Much as I'd like to declare version 1.0 – this intrigues me, I'll have to look into this.
Can they actually have the resolution to detect the microstep sizes I'm using?
Any further detail appreciated.
Thanks
Charles
Charles probably doesn't need to worry about absolute position. He's frame stacking on focus to increase depth of field rather than to improve signal-to-noise as the astronomers do.

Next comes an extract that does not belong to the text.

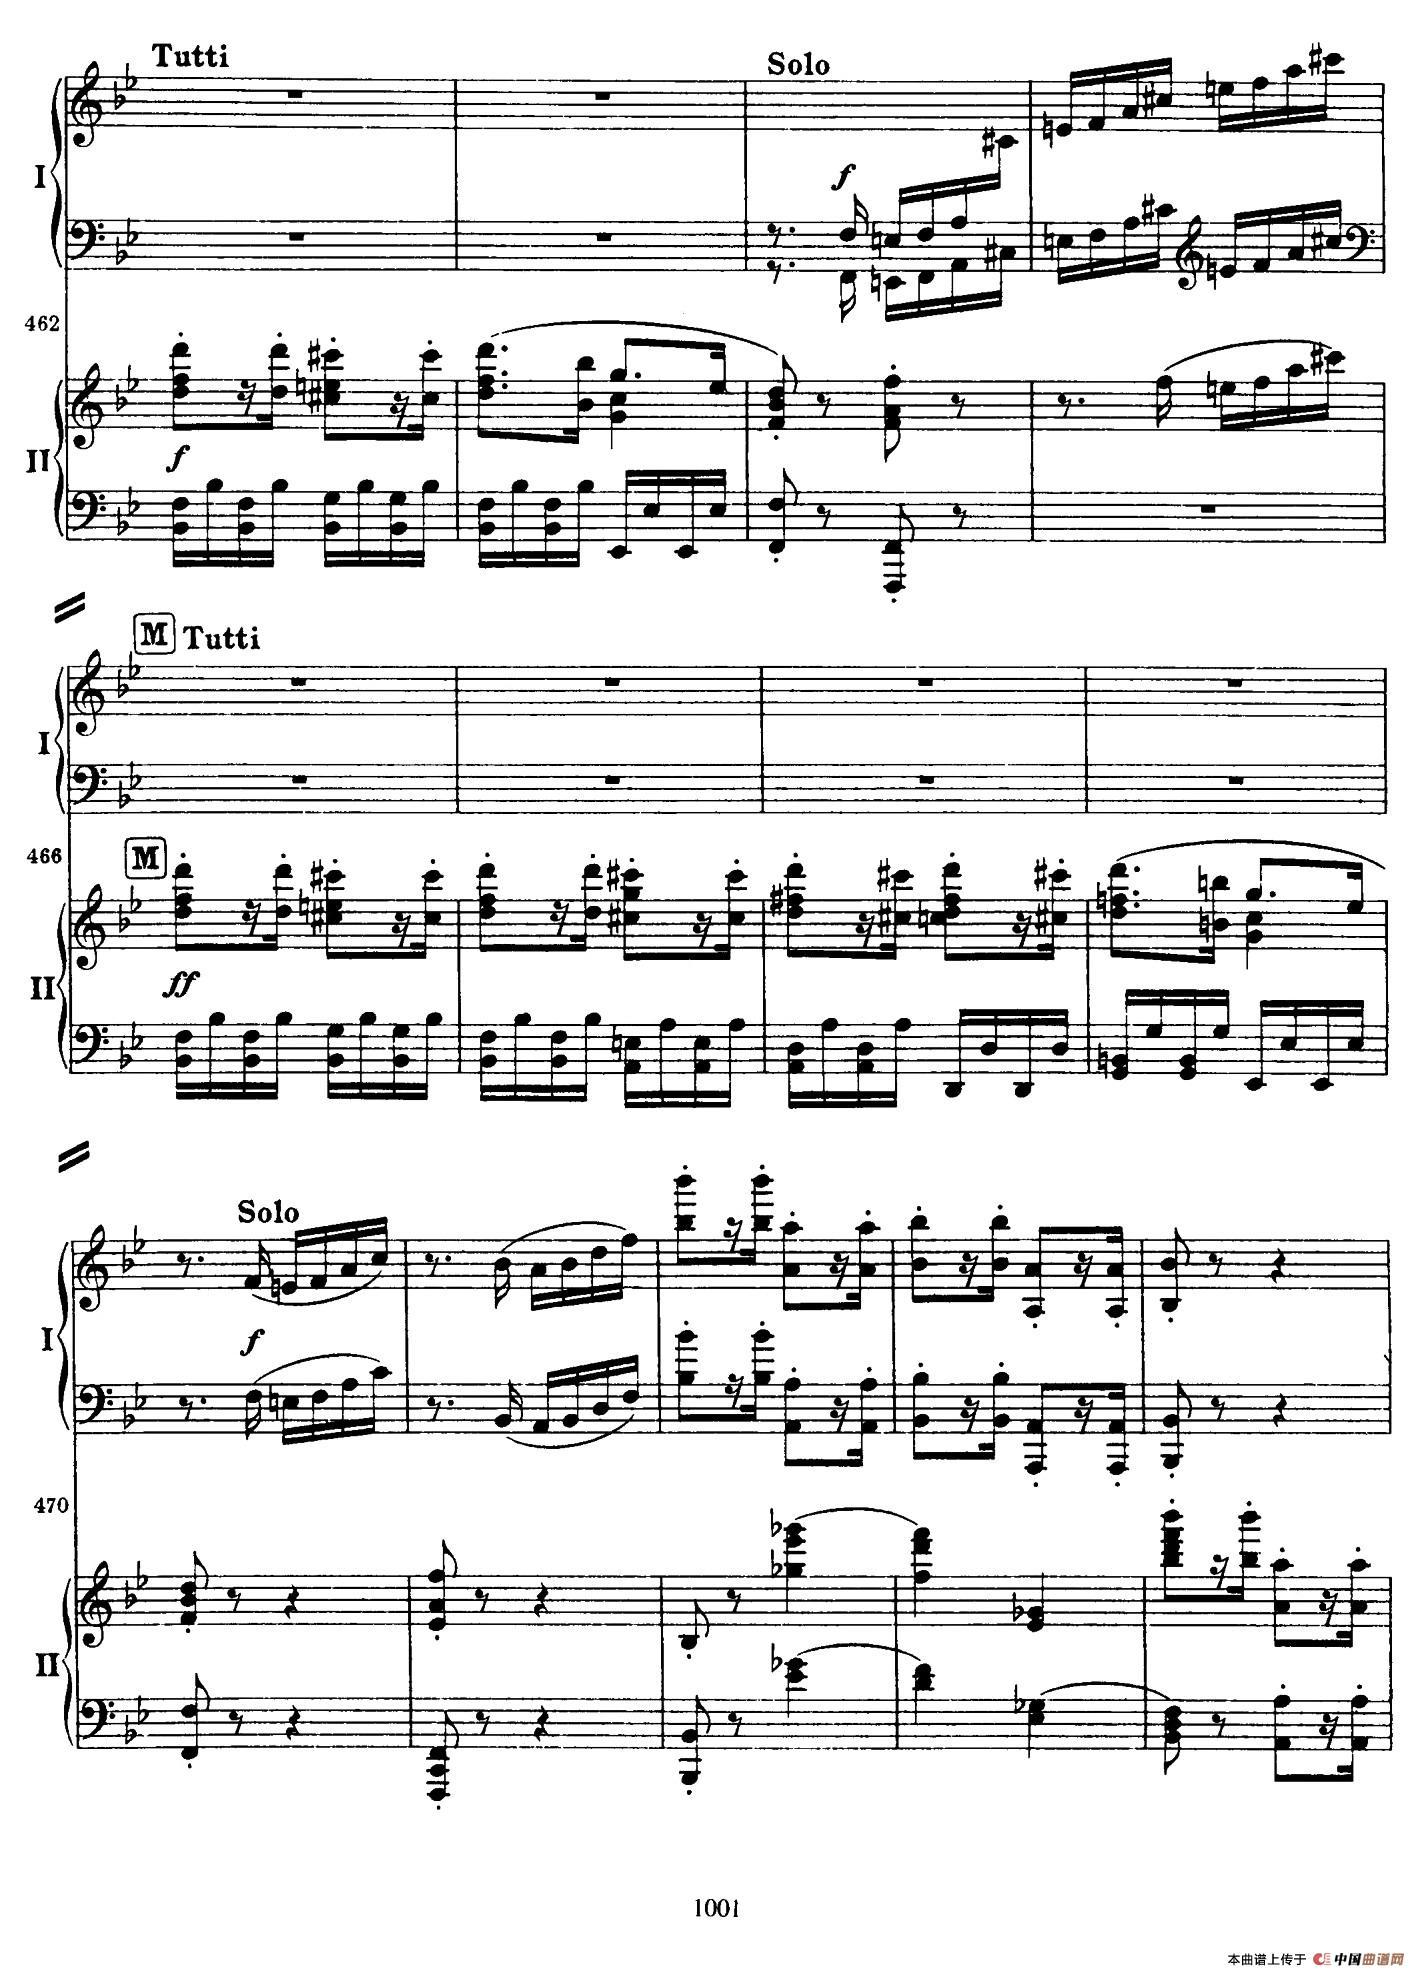 降B大调第二钢琴协奏曲(P91――104)(1)_原文件名:103.jpg

Given an object like the head of a wasp, I guess Charles would start by focussing a highly magnifying camera lens on the very front of the insects head. As the camera is only in focus in that particular plane, most of the head will be more-or-less blurred, not a good photo. Moving the camera to focus on the middle part produces another image, again mostly blurred but now with the central plane in sharp focus. Repeating after moving the camera to focus on the rear of the head, and you get 3 mostly blurred photos, each of which is good at one point. Focus stacking creates a new picture by combining the in-focus parts of the three duds, essentially by ignoring anything in each image that's blurred.
Charles hasn't said what his lens is, but no doubt it's far more tightly focussed than would allow a good photo to be captured from only 3 images, hence he proposes to take 2 or 3 hundred. Provided he has a reasonably spaced sequence of images it should work without any need for CNC-level precision or accuracy. I don't think focus stacking needs to know how far the camera is moved, nor is it critical to move the camera exactly the same distance each time. A few missed steps resulting in duplicate images are unlikely to make much difference. The software cares little what the distance between frames actually is; whatever image it gets, blur is suppressed and focus retained.
What might cause trouble is moving the camera backwards and forwards during a run. As moving the camera along the rail alters the apparent size of the subject the focus stacking software likely compensates by resizing frames on the assumption camera movement is linear. Either forwards or backwards, but never a mixture.
The number of steps needed to get a good composite is related to the depth of focus of the lens. Too few steps and the composite will be inferior to the best possible, too many steps wastes time because adjacent photos don't differ enough in focus to matter, and they increase the risk of unwanted artefacts appearing due to computer processing.